Craig Tucker, speaking on behalf of the Karuk Tribe – a co-litigant in the suit – said one of the tribe’s main complaints with the newly adopted regulations is that dredging on the Scott and Shasta rivers will still be allowed.

“That’s unacceptable,” Tucker said, adding that coho salmon have been nearly extirpated from those rivers. He believes suction dredging will further endanger the future of those populations.

The updated regulations were required as the result of a 2004 lawsuit filed by the Karuk Tribe of California against CDFG over their permitting of suction dredging.

The Karuk tribe alleged that suction dredging, under the previous regulatory structure, caused substantial damage to rivers and was detrimental to California fisheries and to the cultural values and practices of tribal members.
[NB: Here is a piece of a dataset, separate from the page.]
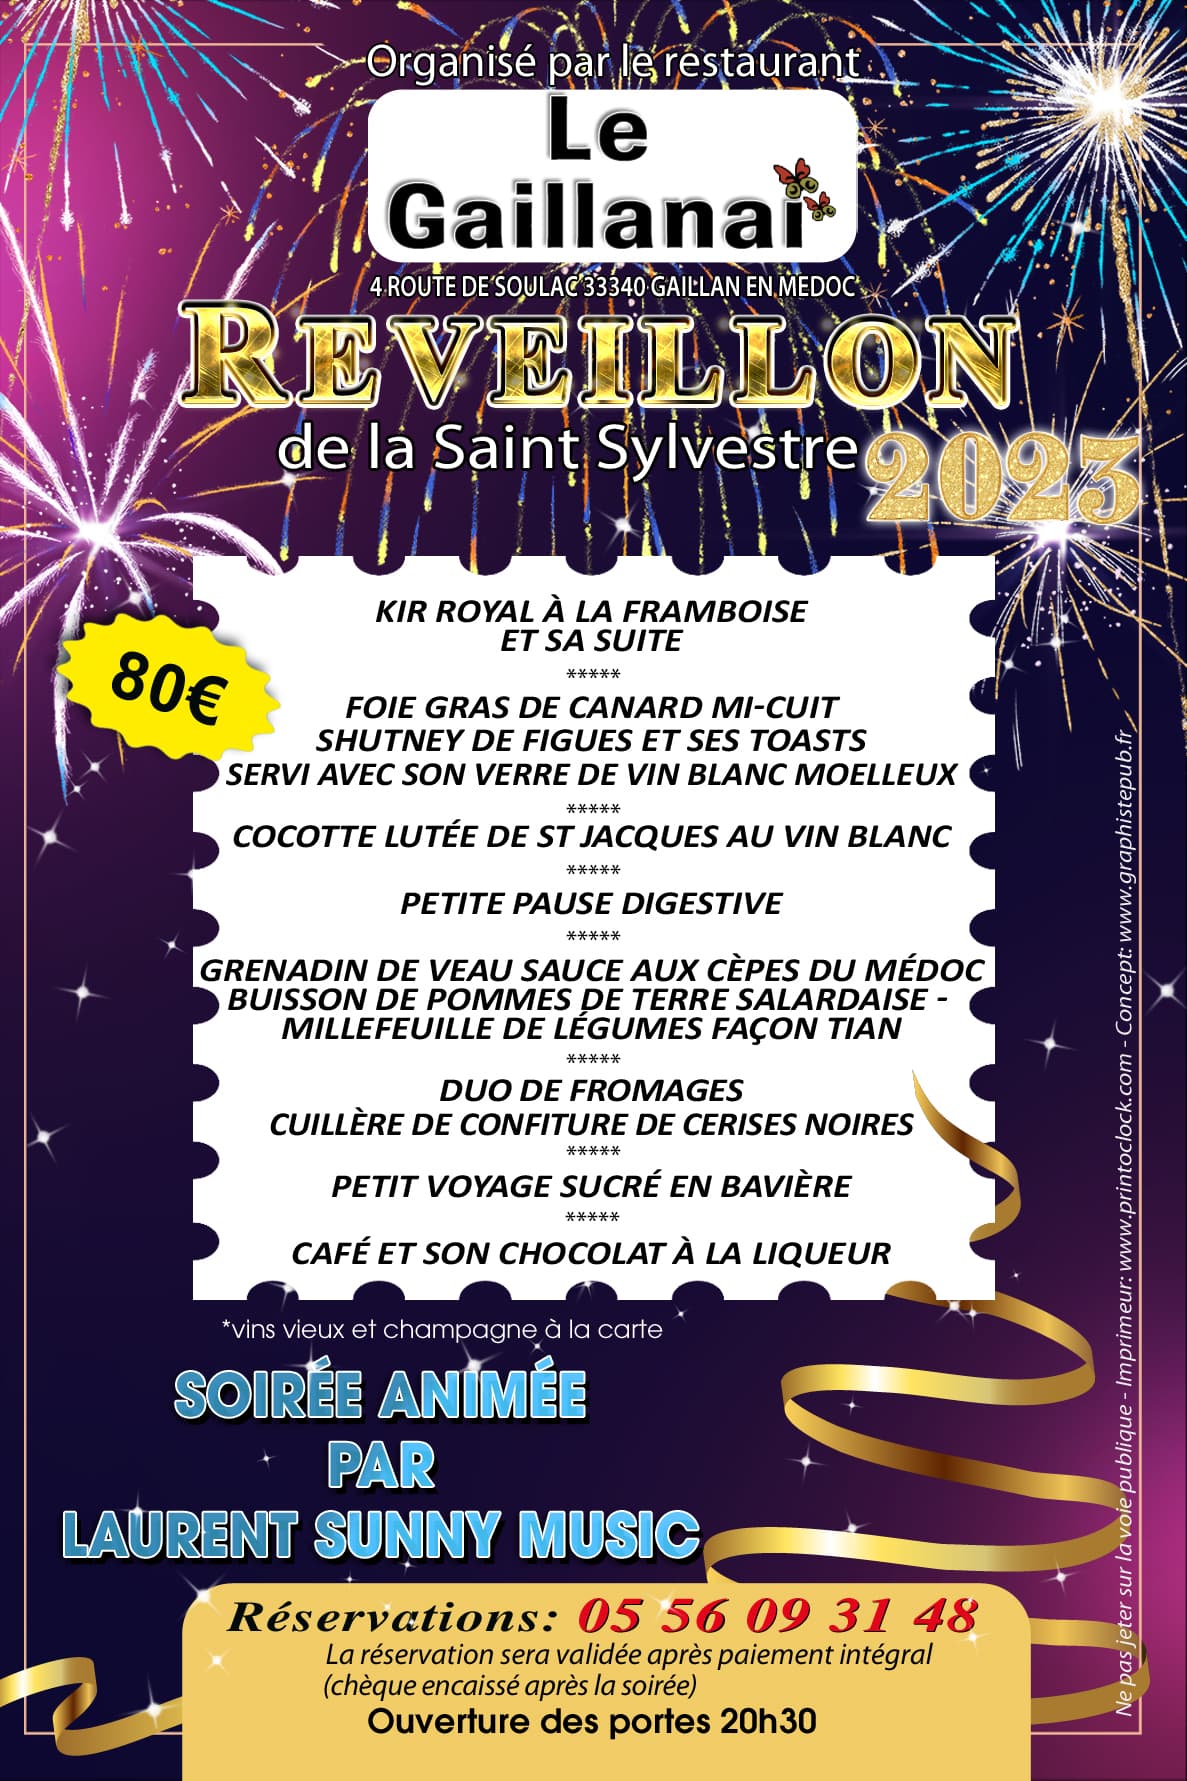 Le Gaillanai -  Réveillon de la Saint Sylvestre 2023. Soirée animé par Laurent Sunny Music. Flyer de présentation du menu.

In December 2006, the Alameda County Superior Court issued an order directing CDFG to “conduct further environmental review pursuant to CEQA of its suction dredge mining regulations and to implement, if necessary, via rulemaking, mitigation measures to protect coho salmon and/or other special status fish species in the watershed of the Klamath, Scott, and Salmon Rivers, listed as threatened or endangered after the 1994 EIR.”

The current moratorium was established by SB 670, and took effect on August 9, 2009 and did not specify an ending date.

On July 26, 2011, Assembly Bill 120 was approved by California Gov. Jerry Brown. That bill established an end date for the current moratorium of June 30, 2016.

Tucker said state law requires that any legal challenges to the regulations must be filed within 30 days of their March 16 approval.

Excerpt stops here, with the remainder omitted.